Application 5.4 Thinking about Styles

    Which is the best style for use in conflict? Read the four statements below and put a check mark by the one that you feel is the most accurate:

    1. Avoidance of conflicts leads to unhappy marriages and work relationships—it just keeps important issues buried.
    2. Avoidance of unnecessary conflict helps promote harmony and keeps people from getting involved in unnecessary upsets.
    3. The only way to really manage conflict is to work through it by engaging the other person.
    4. Engagement in conflict leads to escalatory spirals and hurt for all parties.

Application 5.5 Should I Bring Up the Problem or Let It Go?
    Marjorie: Hi, Terry, what’s going on?
    Terry: Oh, not much. [He is thinking, “If I say how upset I am, we’ll get into it, and I just want to cool out.”]
    Marjorie: You don’t look very happy. [She’s thinking, “I know you’re upset about my mother’s criticism of your job search plans. We might as well talk about it.”]
    Terry: No big deal. [“I hope she just lets it go.”]
    Marjorie: Are you mad at my mother? [“He must be more angry than I thought. This doesn’t look good. Uh-oh.”]
    Terry: Why do you always have to blow everything out of proportion?

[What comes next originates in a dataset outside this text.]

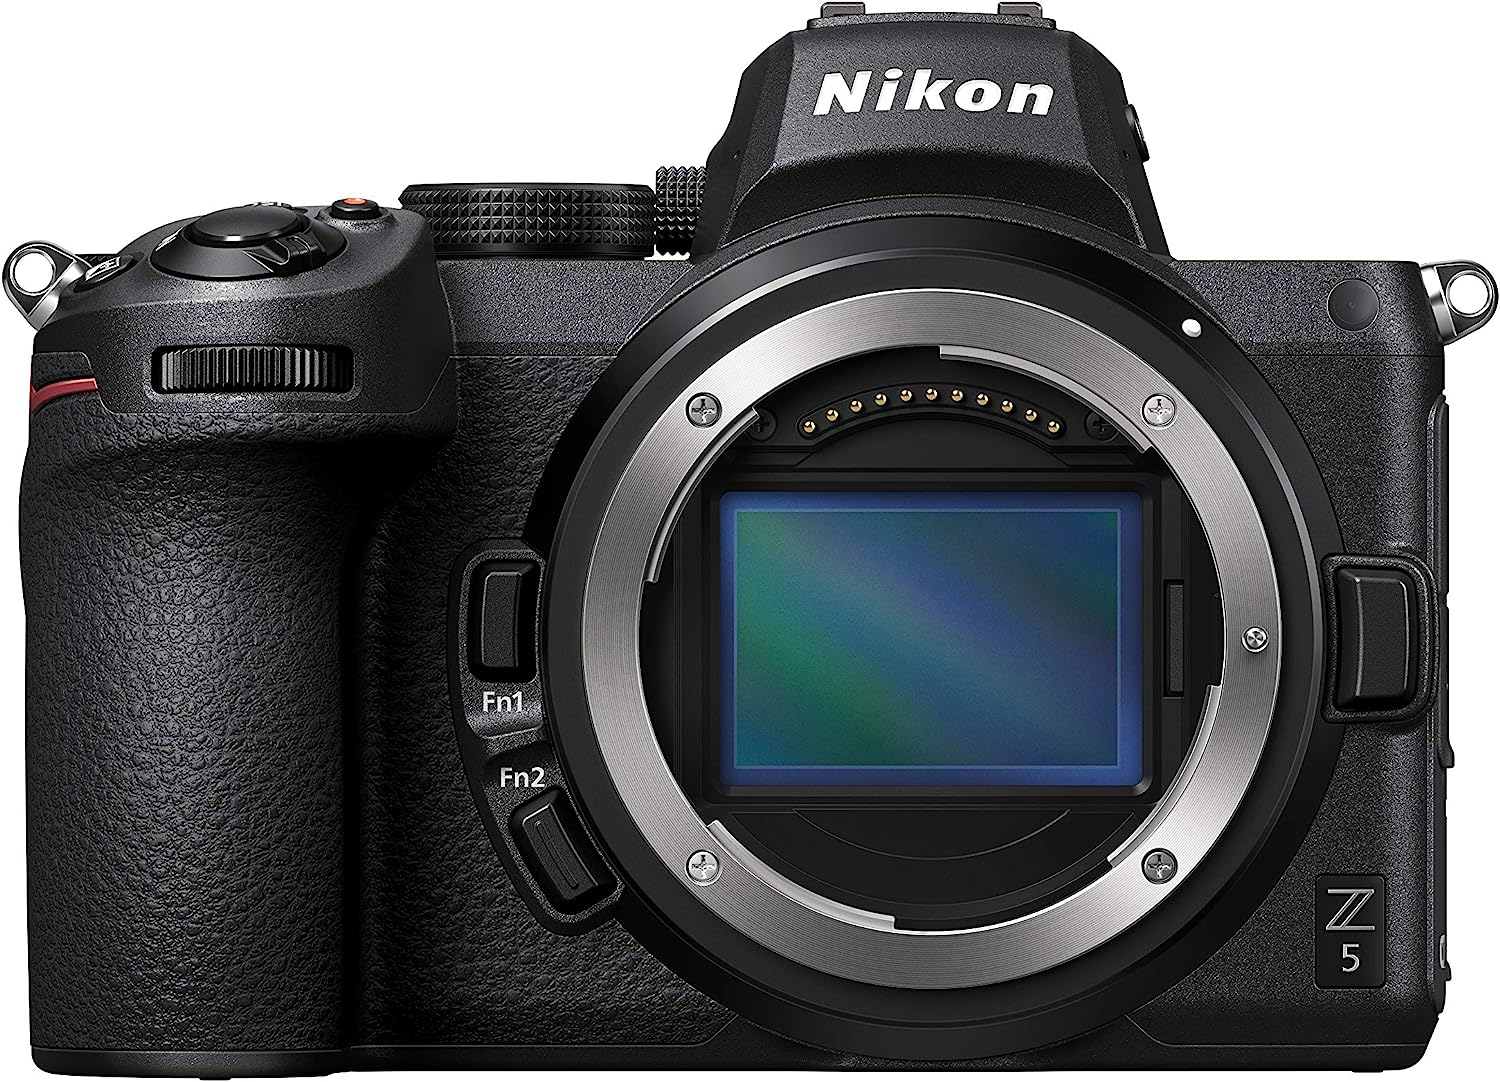 Nikon DSLR Camera Comparison

    The conflict then escalates as they struggle tacitly over whether to engage or avoid. In Application 5.3 we asked you to role-play better options that preserved both individual needs and relational needs. In the case of Marjorie and Terry, discuss how more selfdisclosure could help this couple keep from getting stuck in avoidance, or contain their escalation so the relationship is preserved.


Application 5.6 Threats in Personal Relationships

    Think of a time when you were threatened, or you used threats. What happened? Looking back, do you think the threats were effective in solving a problem and keeping the relationship intact? Were they harmful? What have you learned about your personal response to using threats or being threatened verbally?


Application 5.7 Your Responses

    Answer the above five questions, privately first, then with your small group. What did you learn? Is there anything you want to change about your style across various contexts? Maybe it’s time for a change.